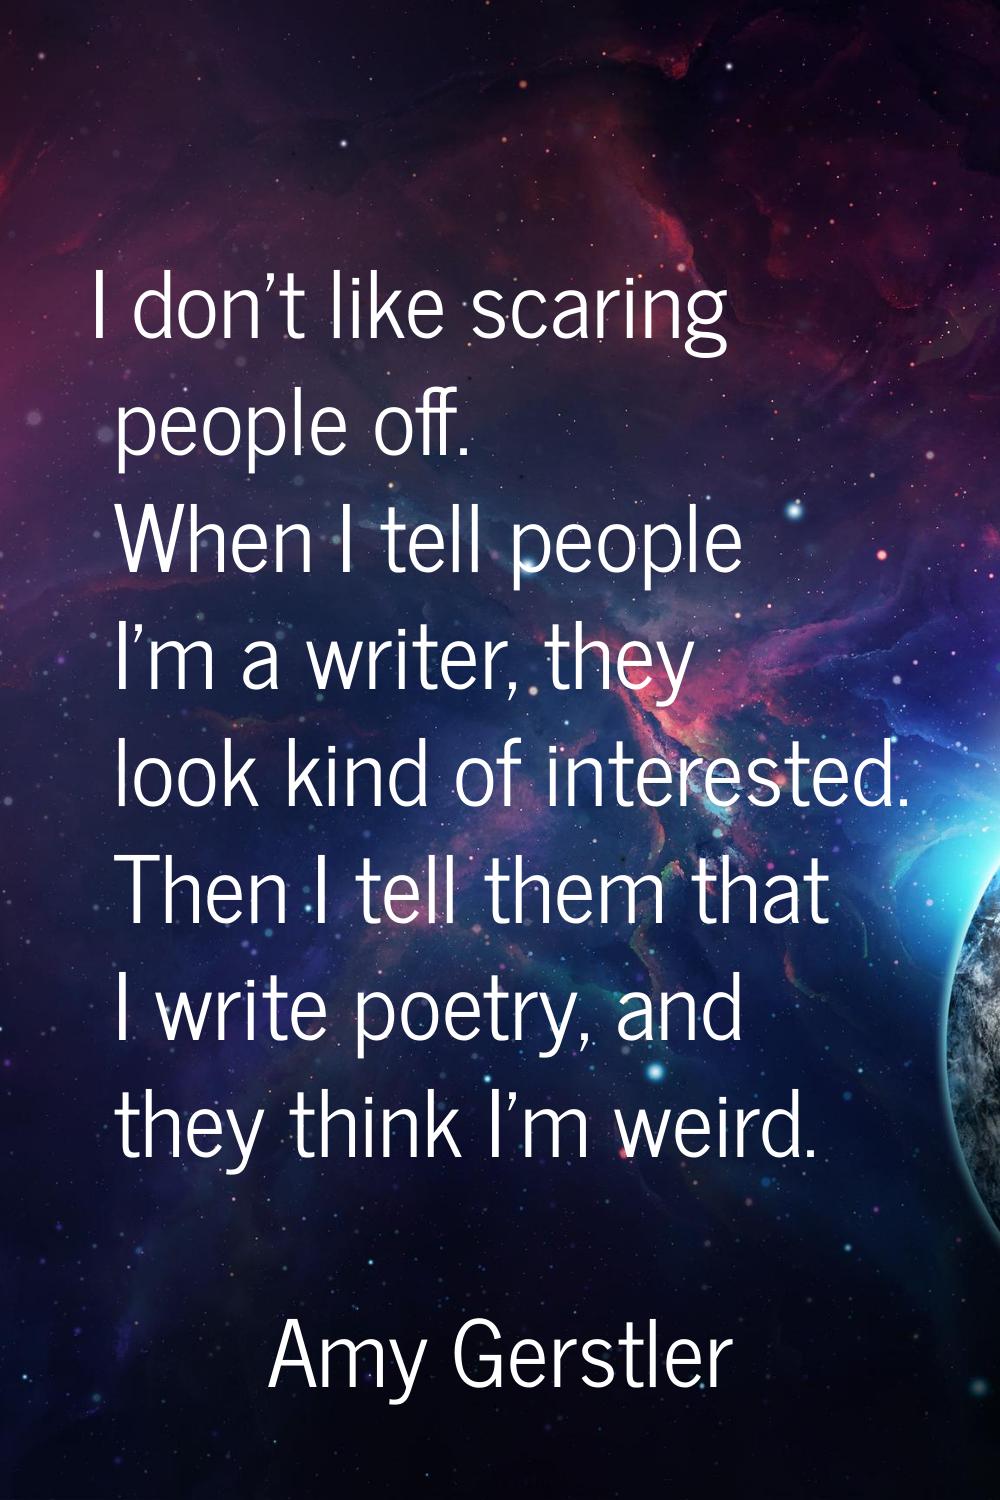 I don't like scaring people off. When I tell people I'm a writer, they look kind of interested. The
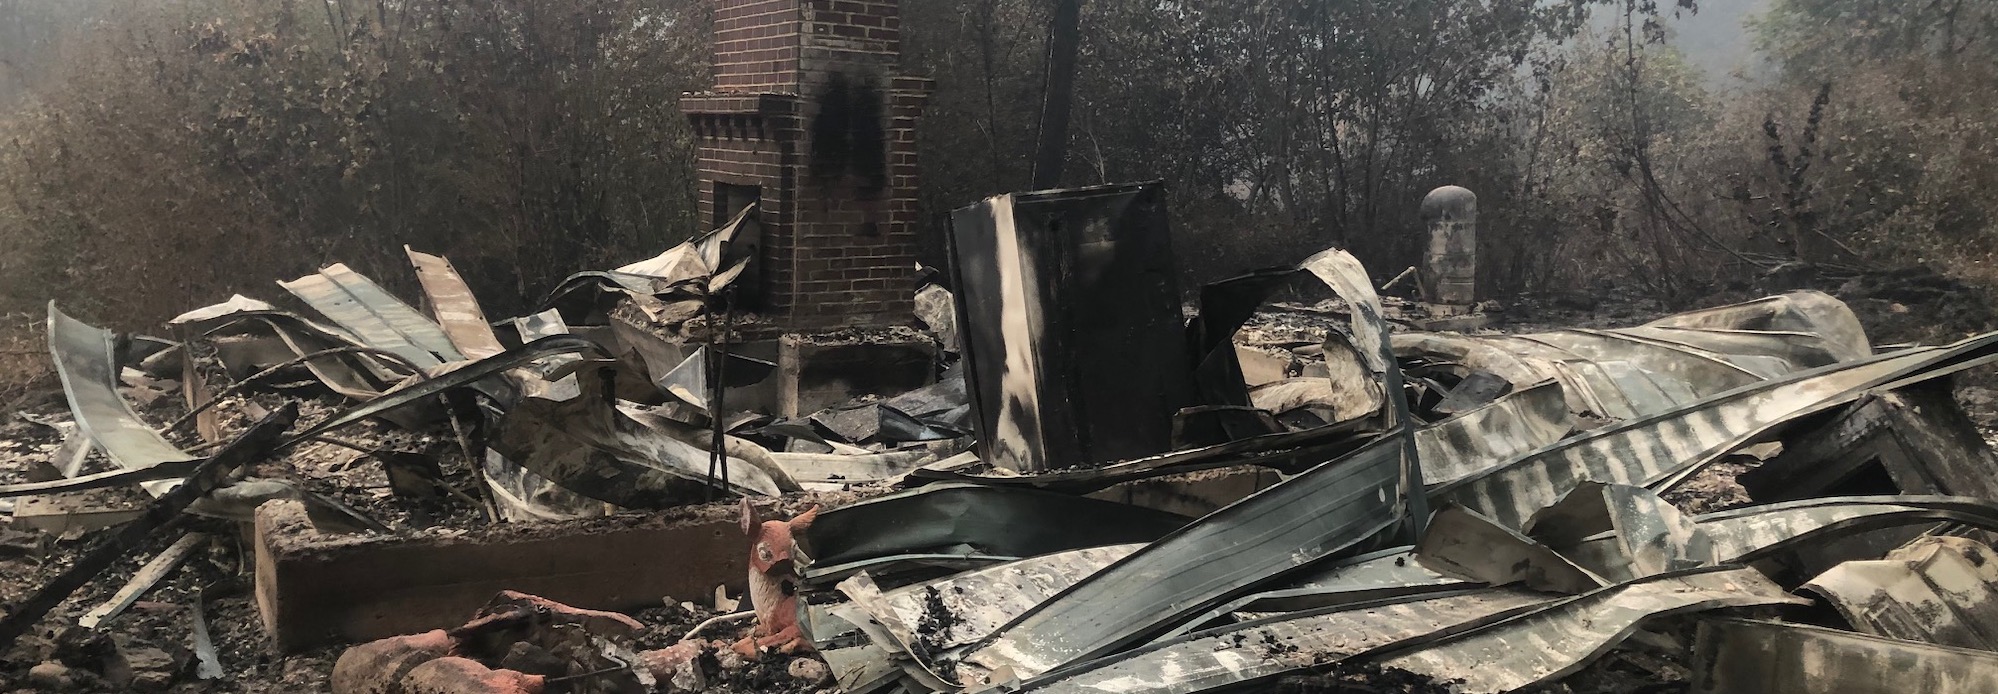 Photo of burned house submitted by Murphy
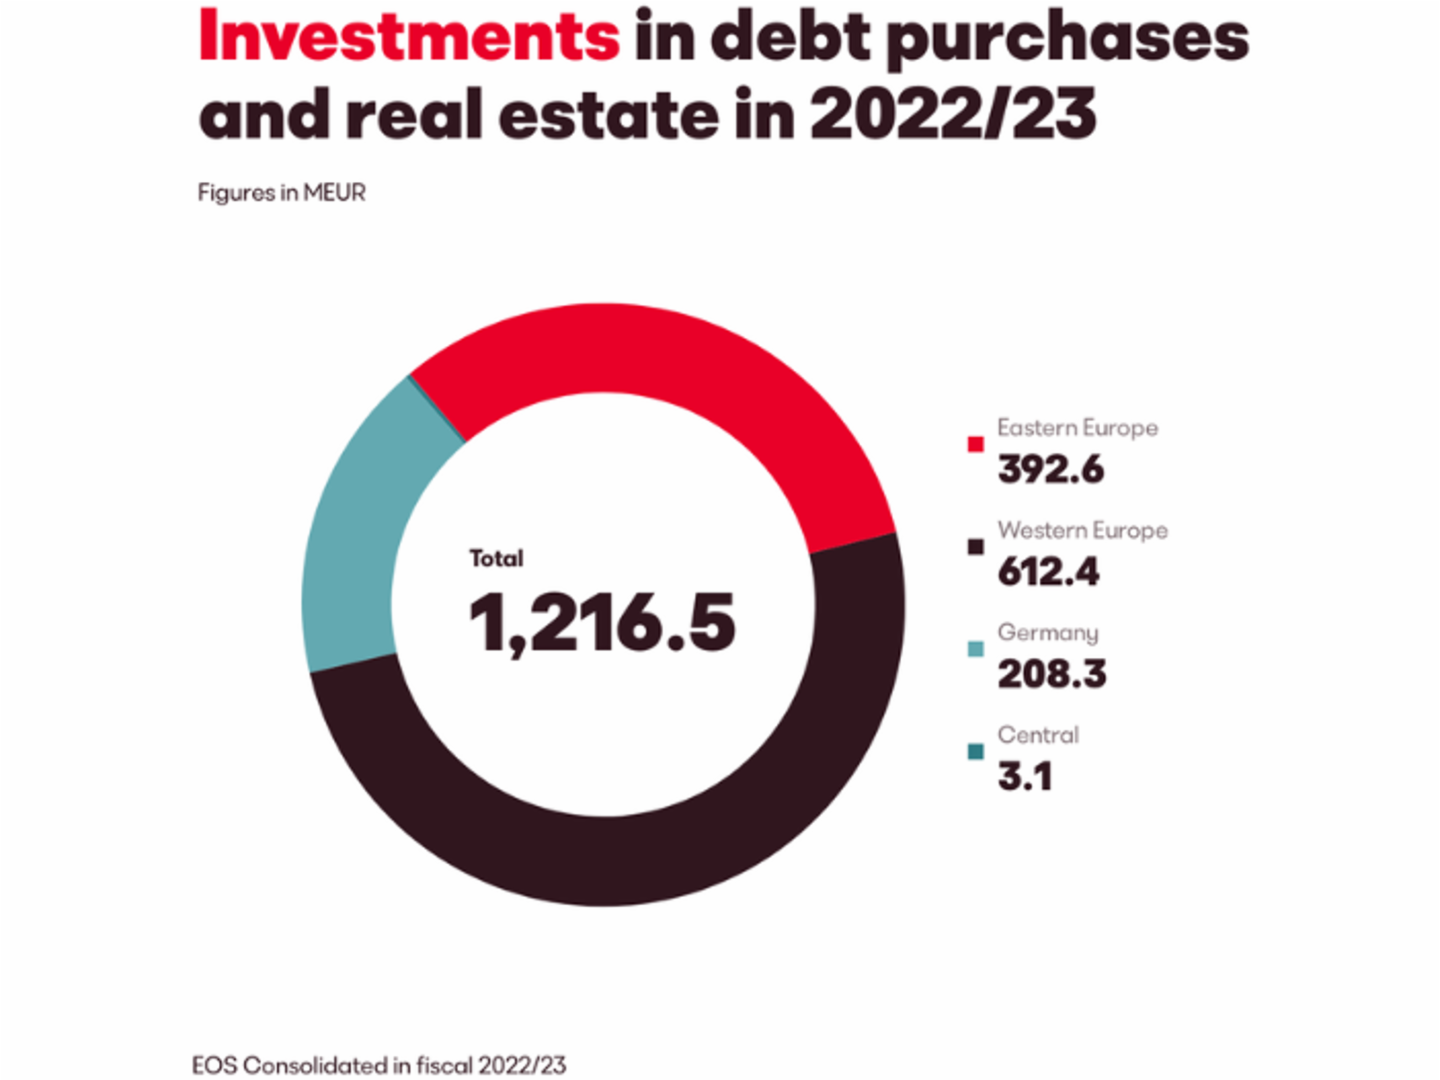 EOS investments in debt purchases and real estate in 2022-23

> [EXERCISE REQUIREMENTS]: Give back an exact copy of the material above, omitting the pictures.

> [RESPONSE]:
 I don't like scaring people off. When I tell people I'm a writer, they look kind of interested. The
 Photo of burned house submitted by Murphy
 EOS investments in debt purchases and real estate in 2022-23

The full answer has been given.